A newly developed immunoglobulin E (IgE) antibody stimulates the immune system to target cancer cells and slow tumour growth, a study finds, potentially offering new therapy options for treatment-resistant breast and ovarian cancers.
Anti-human epidermal growth factor receptor 2 (HER2) immunoglobulin G1 (IgG1)-based antibody therapies, such as trastuzumab and pertuzumab, were first-line therapy for patients with high tumour expression of HER2.
However, tumours could be resistant to the fragment antigen-binding (Fab)-mediated effects of these IgG1-based antibody therapies, limiting clinical response.
This resistance has prompted researchers at King’s College London to find alternative ways to activate the immune microenvironment. Given these resistant tumours usually retained detectable cell surface levels of HER2 it was thought they would respond to a different type of anti-HER2 therapy, the researcher wrote in the Journal for ImmunoTherapy of Cancer.
Previous studies have shown immunoglobulin E (IgE)-based therapies, which harnesses a distinct arm of the immune system, could significantly reduce tumour burden in in vivo clinical models, including melanoma and ovarian cancer.
In 2023, a clinical trial of a first-in-class IgE antibody known as Mov18 IgE indicated tolerability, with evidence of anticancer activity in one patient with ovarian cancer.
Potential for IgE as a new therapy
In this latest study, the researchers generated anti-HER2 trastuzumab-equivalent and pertuzumab-equivalent IgE antibodies and conducted both in vitro and ex vivo assessments where they were able to observe immune-mediated and immunomodulatory functions of IgE.
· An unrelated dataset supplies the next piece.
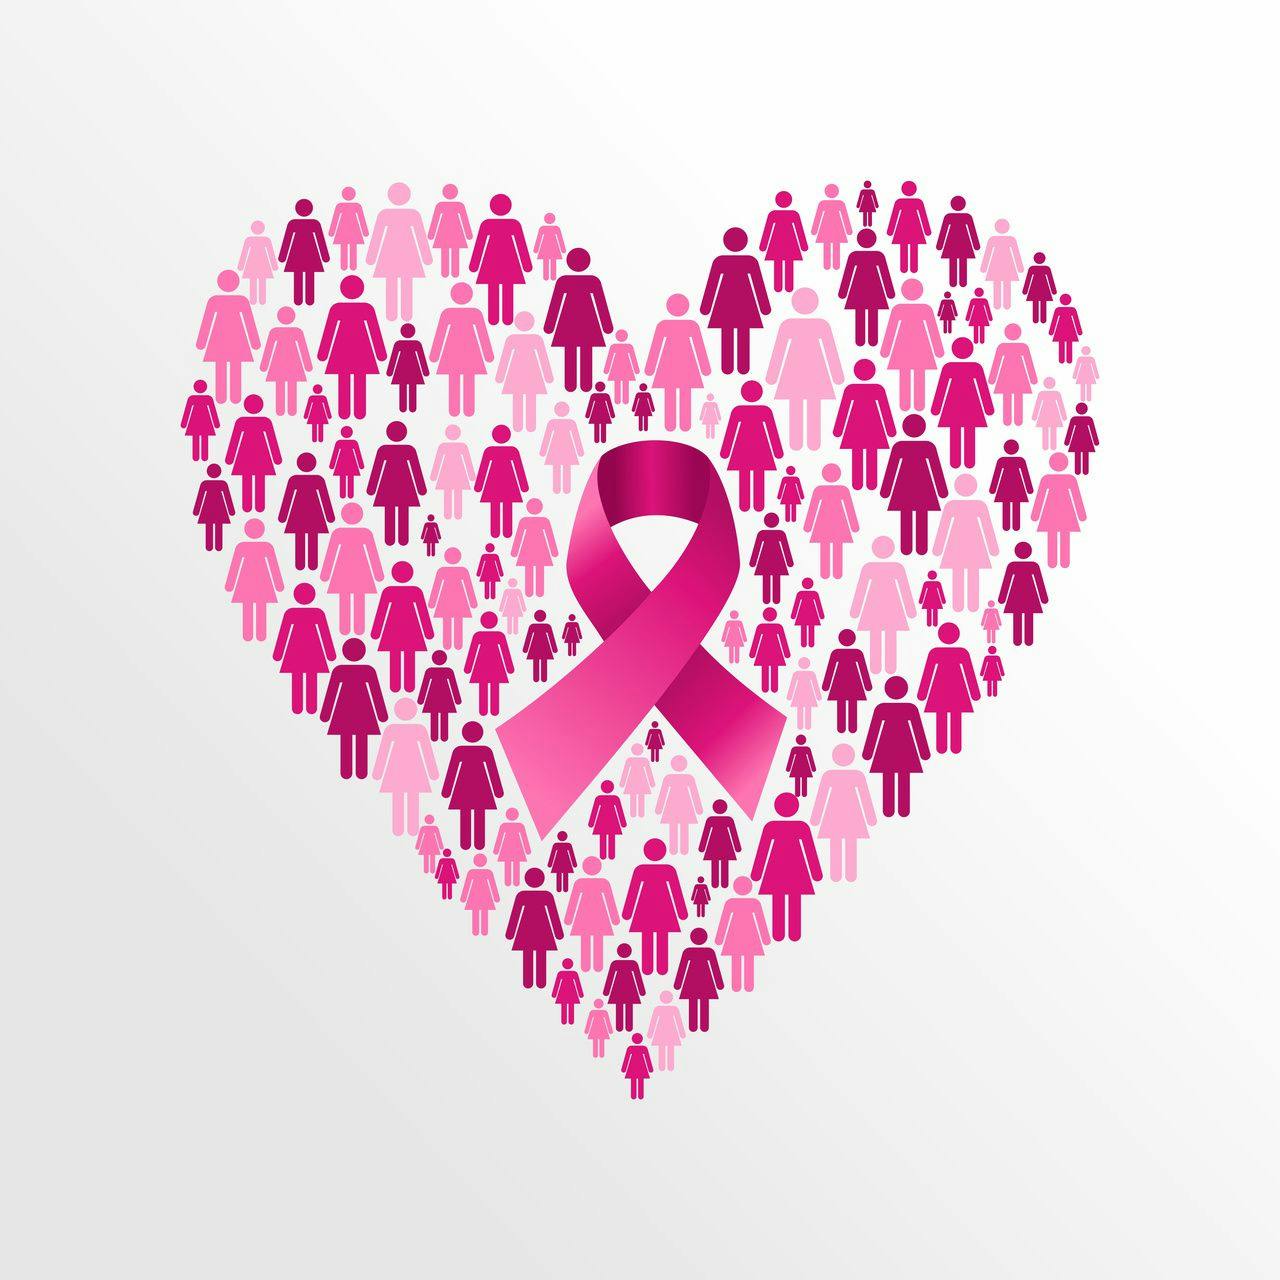 Heart of breast cancer ribbons

As part of the investigations, they also analysed the effects of the therapies in two trastuzumab-resistant HER2 tumour xenograft models in mice, finding the trastuzumab-equivalent anti-HER2 IgE restricted tumour growth.
Treatment was associated with enriched classical monocyte and lower alternatively-activated macrophage infiltration, they reported, and higher densities of activated CD4+ T-cells and favourable effector T-cell to regulatory T-cell ratios in tumours.
‘Collectively, anti-HER2 IgE maintains Fab-mediated antitumor activity, induces Fc-mediated effects against HER2-expressing tumour cells, and stimulates remodelling of the immune microenvironment in tumours to promote pro-inflammatory cell phenotypes which could translate to improved outcomes for patients,’ the researchers wrote.
Senior study author Dr Heather Bax, postdoctoral research fellow at St John’s Institute of Dermatology at King’s College London, said around 20% of breast and ovarian cancers expressed HER2 and therefore IgE has potential as a new therapy, particularly fot those whose cancers don’t respond to existing therapies.
‘By generating anti-HER2 IgE antibodies equivalent to the clinically used IgGs, for the first time we demonstrate that IgEs harness unique mechanisms to reprogramme the immune microenvironment, switching immune cells to effectively target HER2-expressing cancers, including those resistant to existing therapies,’ she said.
Use in clinical practice in five years?
‘Our findings indicate that IgE antibodies could offer a potential new therapy option for patients with HER2-expressing cancer.’
Study co-author Professor Sophia Karagiannis, professor of translational cancer immunology and immunotherapy at the same institution, said after generating a panel of IgE antibodies and studying them in different tumour types, the team consistently found that the human immune system reacted in the presence of IgE to restrict the growth of cancer.
‘The findings of our latest study speak to the potential of applying IgE to stimulate effective responses against hard-to-treat solid tumours,’ she said.
‘This new class of drugs holds promise to benefit different patient groups and opens a new frontier in the battle against cancer.’
The researchers believe that, with the right investment and development, this approach could be used in humans in as soon as three to five years.